Errors

Every non-2xx response uses the same envelope so a single handler covers your whole integration. Includes a stable error name, a human-readable message, and a requestId you can quote to support.

The error envelope

Every non-2xx response returns the same JSON shape, regardless of which endpoint or which kind of failure:

{
  "statusCode": 400,
  "name": "validation_error",
  "message": "Invalid email address in \"to\": foo",
  "param": "to",
  "requestId": "req_KYFR3xMMlFHR5Ee9",
  "documentation": "https://docs.posthawk.dev/errors"
}

Field-by-field:

  • statusCode — the HTTP status. Always matches the response status line.
  • name — stable machine-readable category. Branch on this in code; the value is part of our API contract and won't change for a given class of error.
  • message — human-readable detail. Safe to surface in your own UI ("Domain not verified") but expect the wording to evolve over time.
  • param — optional. When the failure is tied to a specific input field (to, from, templateId), param tells you which one.
  • requestId — unique id for this request (also returned as the X-Request-ID response header). Quote this when contacting support and we can find every log line for the failing call.
  • documentation — link to this page.

Some error types include extra fields. For example, rate_limit_error adds retryAfter (seconds) and resetAt (ISO timestamp). validation_error with multiple constraint failures adds details (string array). Always check for these on the relevant name.

Error name reference

| name | HTTP | When you'll see it |
|---|---|---|
| authentication_error | 401 | Missing API key, invalid API key, or revoked key. |
| permission_error | 403 | Authenticated but blocked — plan quota exceeded, insufficient scope, or workspace gate. |
| validation_error | 400, 422 | Invalid input — bad email format, missing required field, malformed body, unverified from domain. |
| not_found_error | 404 | Resource doesn't exist (or you can't see it because of workspace scoping). |
| conflict_error | 409 | State collision — usually a duplicate resource or a stale write. |
| rate_limit_error | 429 | API key rate limit exceeded. Response includes retryAfter (seconds) and X-RateLimit-Reset header. See Rate Limits. |
| service_unavailable_error | 503 | A downstream (SES, Redis, Supabase) is temporarily unhealthy.
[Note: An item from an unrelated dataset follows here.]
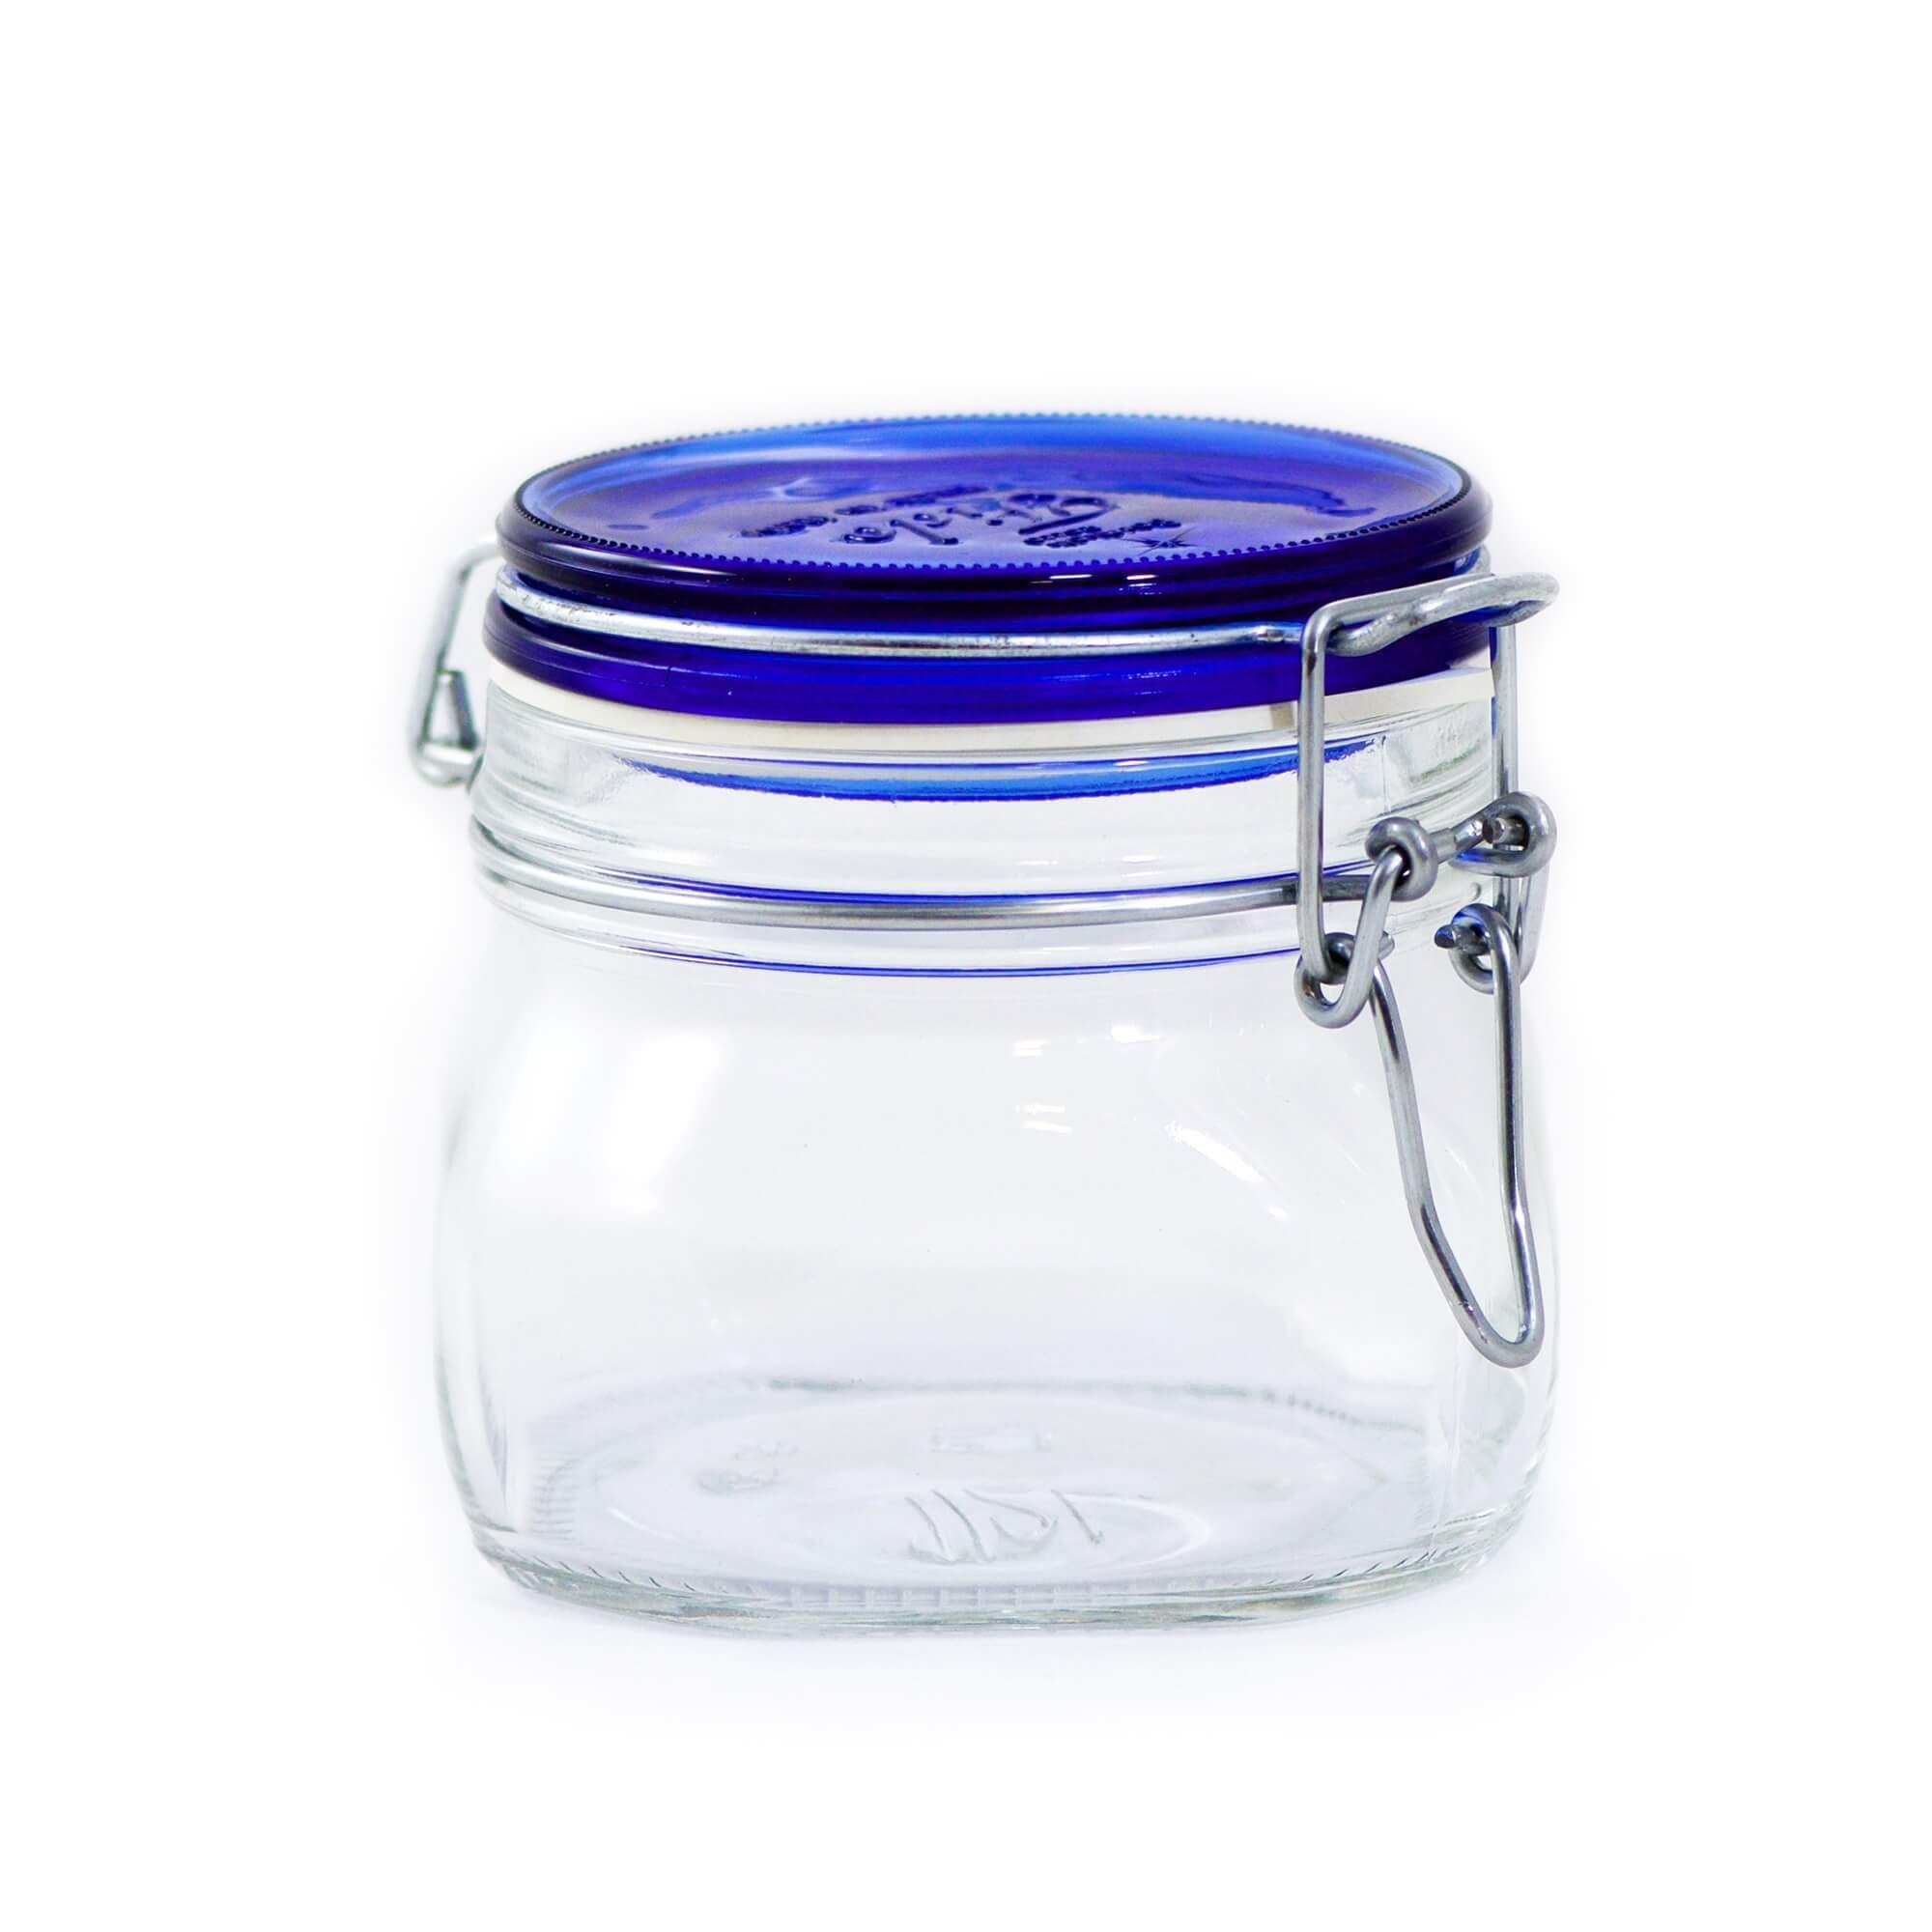 Glob - Fido pote hermético 500ml c/ tp azul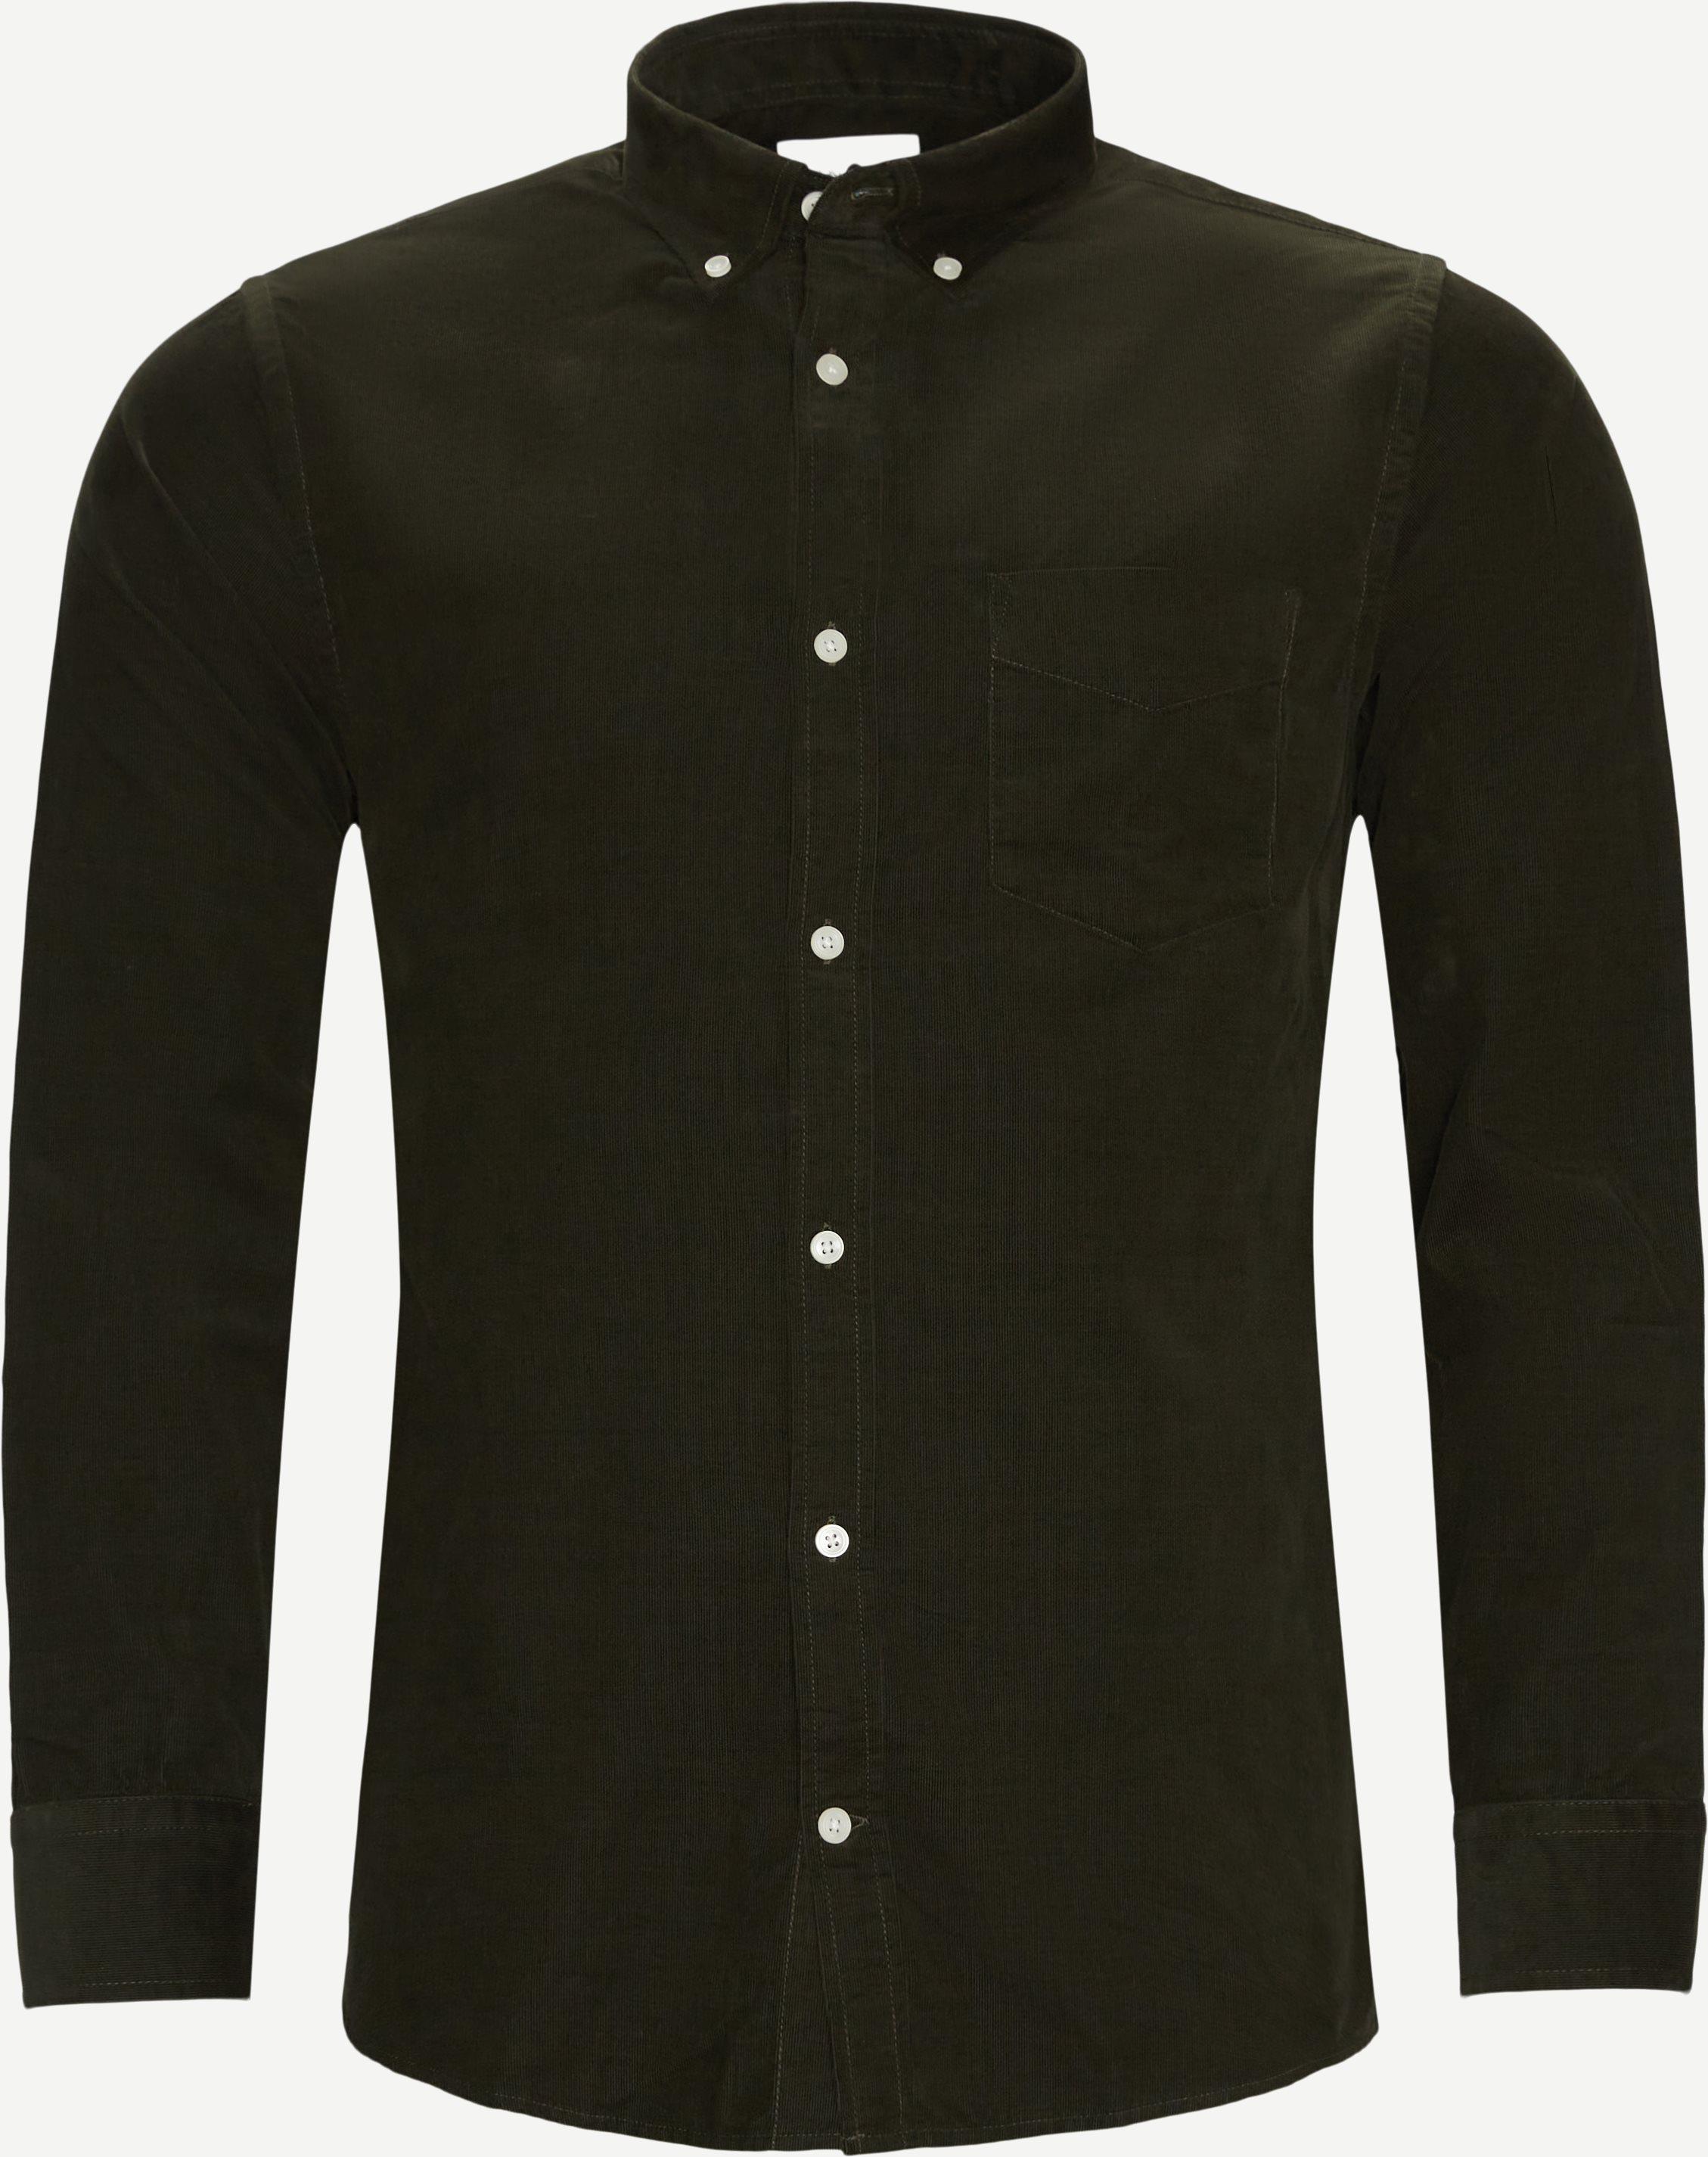 Levon Fløjels Skjorte - Skjorter - Regular fit - Army

Safe to retry with exponential backoff. |
| timeout_error | 504 | We didn't get a response from a downstream in time. Retry with backoff. |
| internal_error | 500 | Unexpected server-side bug. The full stack trace is logged against your requestId — open a support ticket with that id and we can investigate. |
| request_error | other 4xx | Fallback for client-side failures that don't fit a more specific category. |

The X-Request-ID header

Every response (success or failure) includes X-Request-ID: req_<random>. If your client sends an X-Request-ID header on the request, we honor it (must match req_[A-Za-z0-9_-]{8,64} — anything malformed gets a fresh id). This is how you correlate logs across your own systems and ours.

Pattern for support requests:

> "POST /v1/send returned 500 with requestId req_KYFR3xMMlFHR5Ee9"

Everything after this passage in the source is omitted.